Beberapa menit berlalu, pintu ruangan kamar secara perlahan-lahan mulai terbuka, menampilkan sosok Azka keluar dari dalam sana dengan wajah sudah lebih segar daripada sebelumnya.
Azka berjalan menuju rumah kucingnya berada, lantas tanpa sadar mulai mengukir senyuman tipis penuh kebahagiaan saat melihat sosok Pixel mengeong dan mulai berlari ke arahnya. Ia refleks berjongkok, lantas membuka lengannya sedikit—memberikan kode kepada Pixel agar masuk ke dalam pelukannya.
“Sini, Pixel …,” panggil Azka.
Pixel mengeong sekali lagi—kali ini lebih keras daripada sebelumnya—sebelum menerjang kecil ke arah Azka. Tubuh mungilnya langsung memanjat betis sang majikan dan berhenti tepat di pangkuan cowok itu, lantas segera menggulung diri sambil mulai mengeluarkan suara dengkuran halus.
“Astaga … kenapa lucu banget, sih,” gumam Azka, mengusap lembut kepala Pixel—merasakan kehangatan aneh yang ikut menyelinap masuk ke dalam dadanya—sesuatu yang tidak pernah dirinya bayangkan akan bisa ia rasakan dari seekor hewan berukuran kecil itu.
Azka duduk bersandar pada dinding ruangan tengah, membiarkan Pixel tetap mencengkeram kausnya dengan kedua kaki depan.
“Jangan manja gini setiap hari, ya … gue takut ketagihan,” ucap Azka lagi, sembari tanpa sadar mulai terkekeh pelan.
Pixel mendongakkan kepala, menatap wajah tampan Azka, seolah mengerti dengan perkataan cowok itu, sebelum kembali menggulung diri.
Azka menggeleng-gelengkan kepala pelan saat melihat hal itu, tidak tahu harus menertawakan dirinya sendiri atau mengagumi tingkat lucu dari kucing peliharaannya ini.
“Gue mimpi punya anak tadi … rasanya nyata banget … kayak … sulit banget buat dijelasin dengan kata-kata aja,” kata Azka dengan begitu sangat lirih kepada Pixel, nada suaranya hangat, tetapi masih terdengar sisa-sisa kebingungan dari mimpi barusan.
Azka kembali menatap Pixel—lebih lama, tenang, dan anehnya sangat damai—seolah semua rasa pusing, mimpi aneh, dan pertanyaan yang masih menggantung itu menghilang begitu saja tanpa tersisa.
Akan tetapi, itu tidak berlangsung lama, lantaran atensi Azka seketika teralihkan saat tiba-tiba saja mendengar suara bel apartemen miliknya berbunyi.

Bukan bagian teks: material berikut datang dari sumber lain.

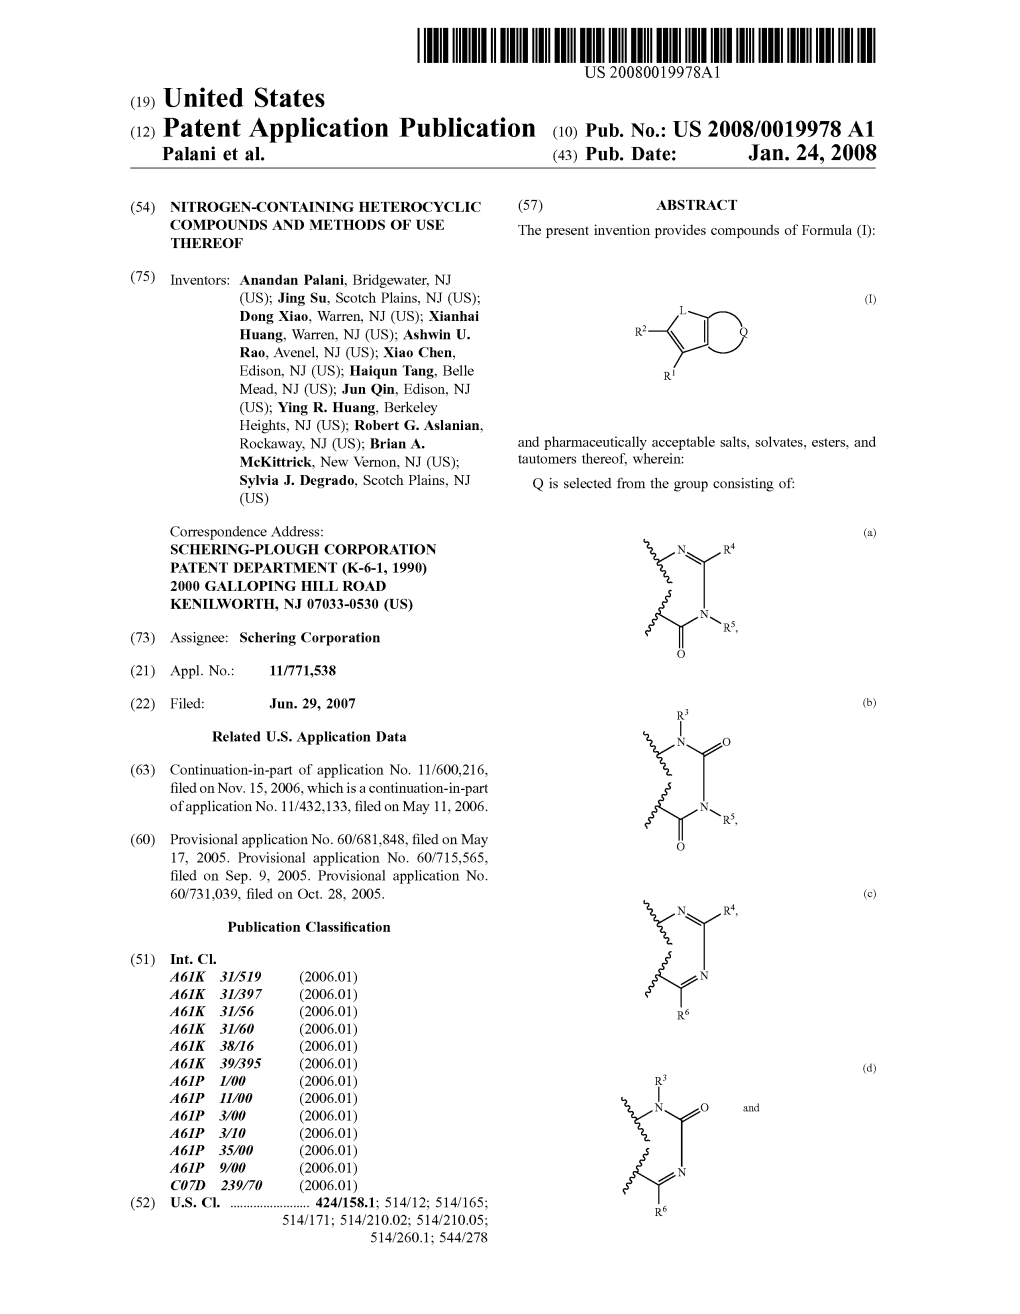 (12) Patent Application Publication (10) Pub. No.: US 2008/0019978A1 Palani Et Al
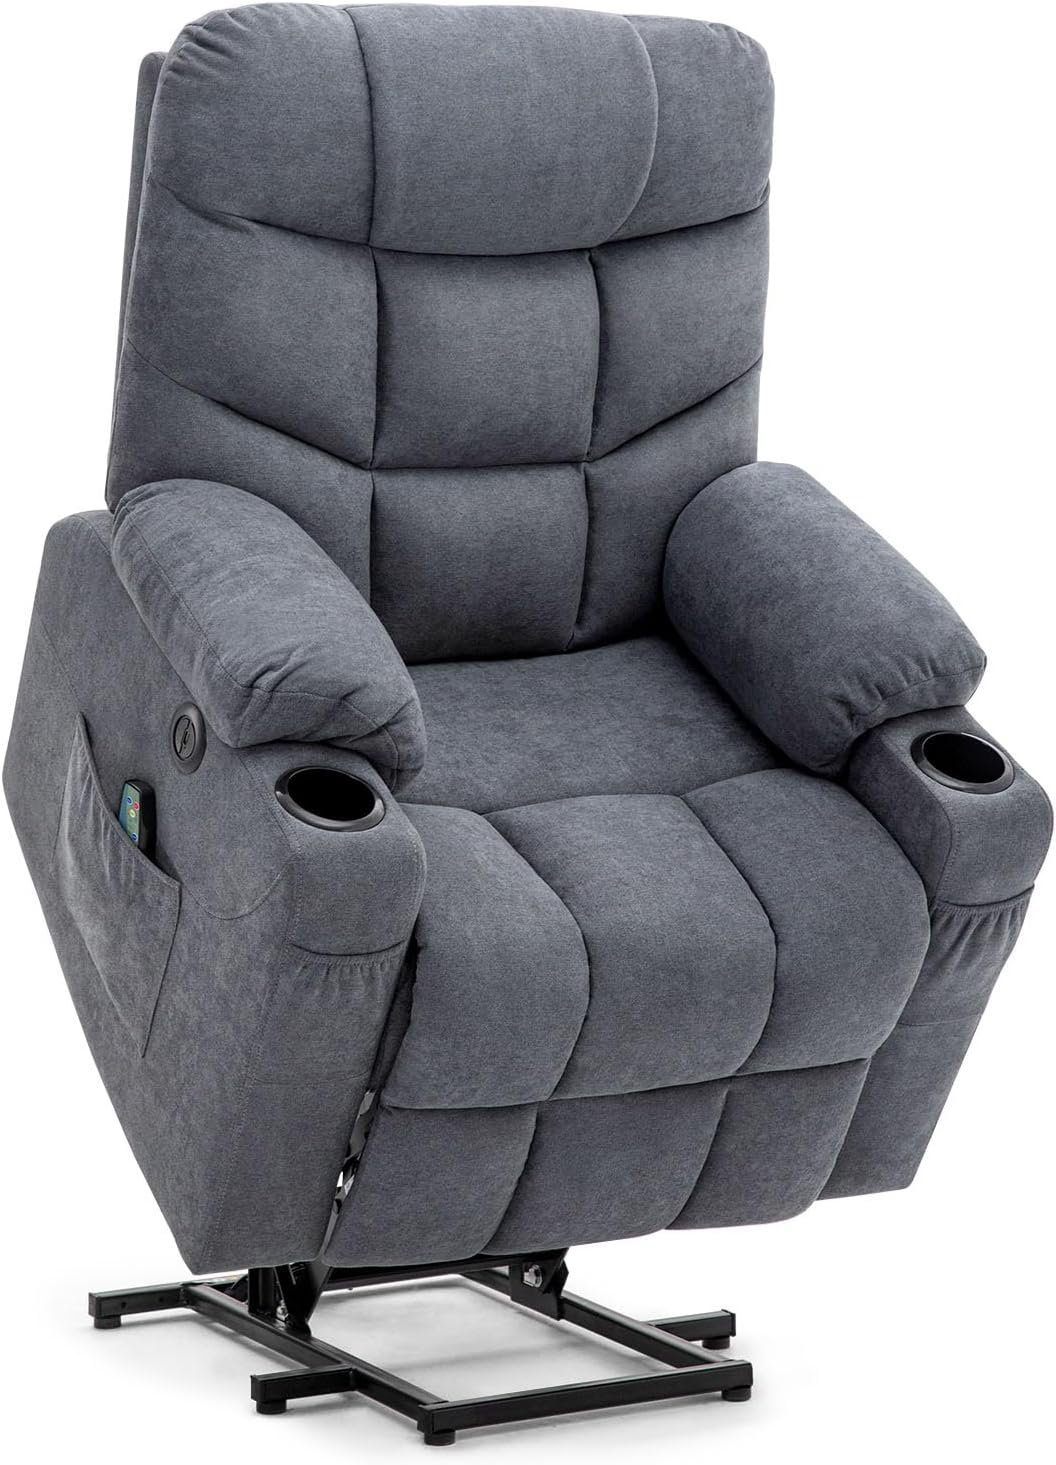 https://assets.wfcdn.com/im/50674359/compr-r85/2618/261811697/upholstered-heated-massage-chair.jpg

Ia segera bangun dari posisi duduk, dan mulai melangkahkan kaki menuju pintu utama sambil menggendong Pixel dengan penuh ketulusan.
Begitu tiba di pintu utama, Azka secara perlahan-lahan membukanya guna melihat sosok orang yang telah mengunjunginya pada pagi hari ini. Ia menggeleng pelan, saat mendapati kehadiran Livia dan Rhea tepat di depan ruangan pribadinya.

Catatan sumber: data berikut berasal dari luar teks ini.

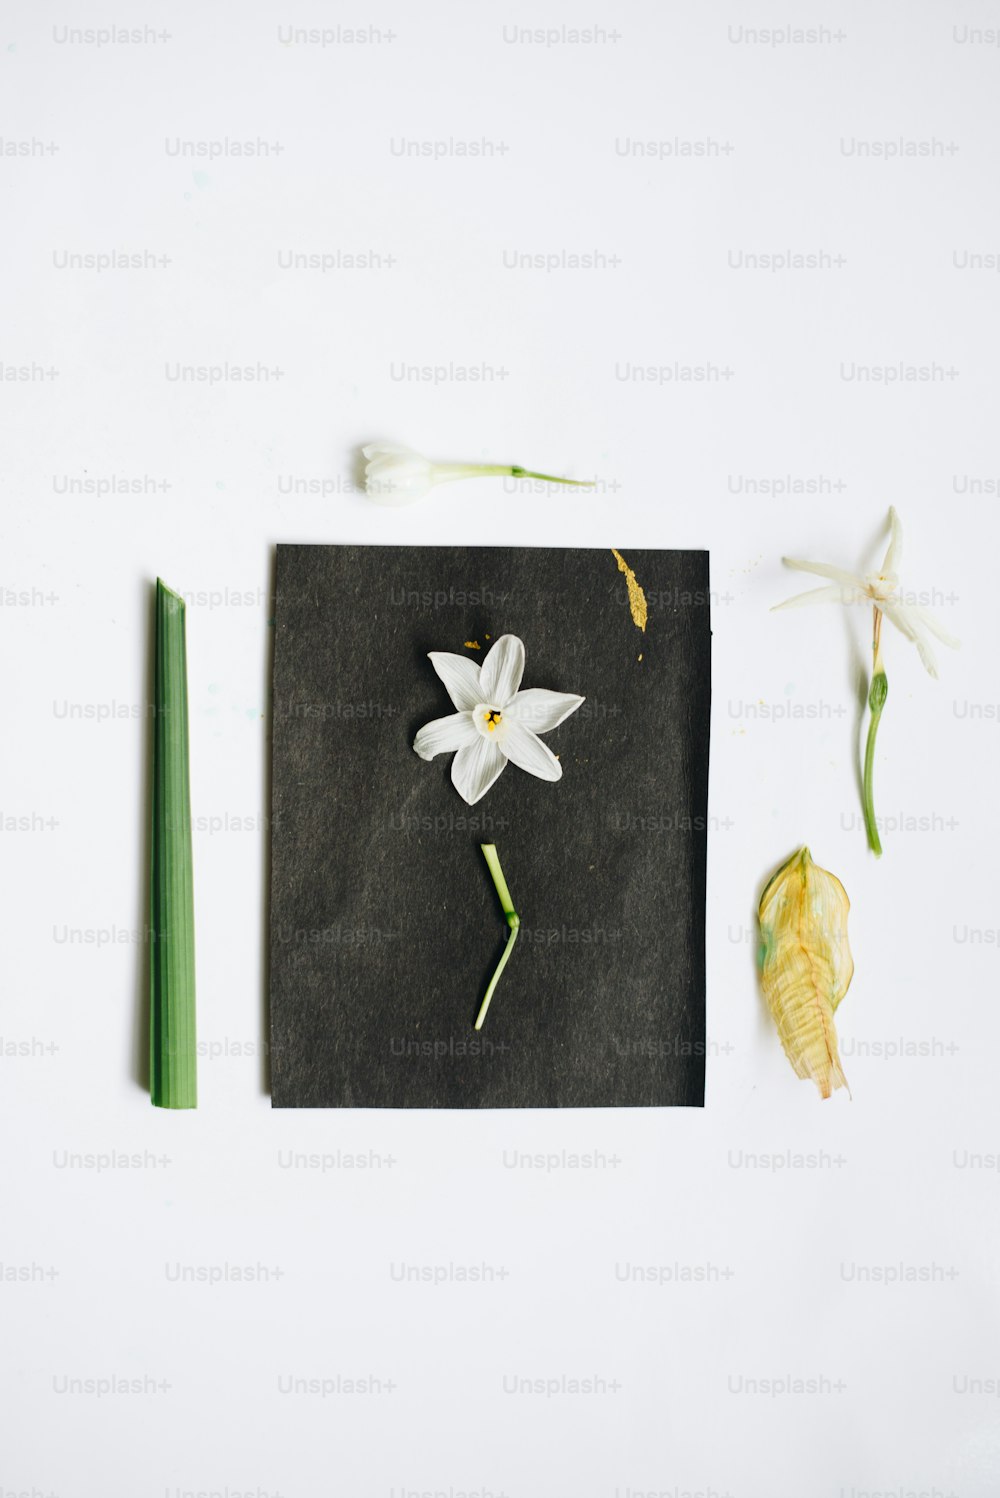 검은 종이 위에 하얀 꽃이 놓여 있다

“Ternyata kalian, gue kira siapa,” kata Azka, sembari sedikit memperbaiki posisi Pixel.
Livia mengukir senyuman tipis sambil memperbaiki letak kacamatanya yang sedikit turun, tetapi itu tidak berlangsung lama, karena dirinya refleks mengerutkan kening saat melihat Azka tengah menggendong seekor kucing. “Eh … kucing? Kucing siapa itu, Az?”
Rhea terkekeh pelan sebelum Azka sempat menjawab. “Itu Pixel … kemarin dia resmi jadi anaknya Azka.”
Livia membelalakkan mata saat mendengar hal itu. “Lu dua detik aja tanpa drama hidup baru tuh nggak bisa, ya?”
Azka menggeleng kecil saat mendengar hal itu, memeluk Pixel lebih erat seolah mencari ketenangan dari bulu halus kucing mungil itu. “Udah lah … masuk dulu. Jangan bikin hewan gue kedinginan.”
Rhea dan Livia saling pandang sejenak, sebelum melangkahkan kaki masuk ke dalam ruangan apartemen milik sahabat baik mereka berdua itu.
Sepanjang perjalanan, Rhea dan Livia mengajak Azka untuk mengobrol serta bercanda ria, membuat cowok itu secara perlahan-lahan mulai menghilangkan semua rasa pusing dari mimpi yang pada pagi hari ini telah dialami.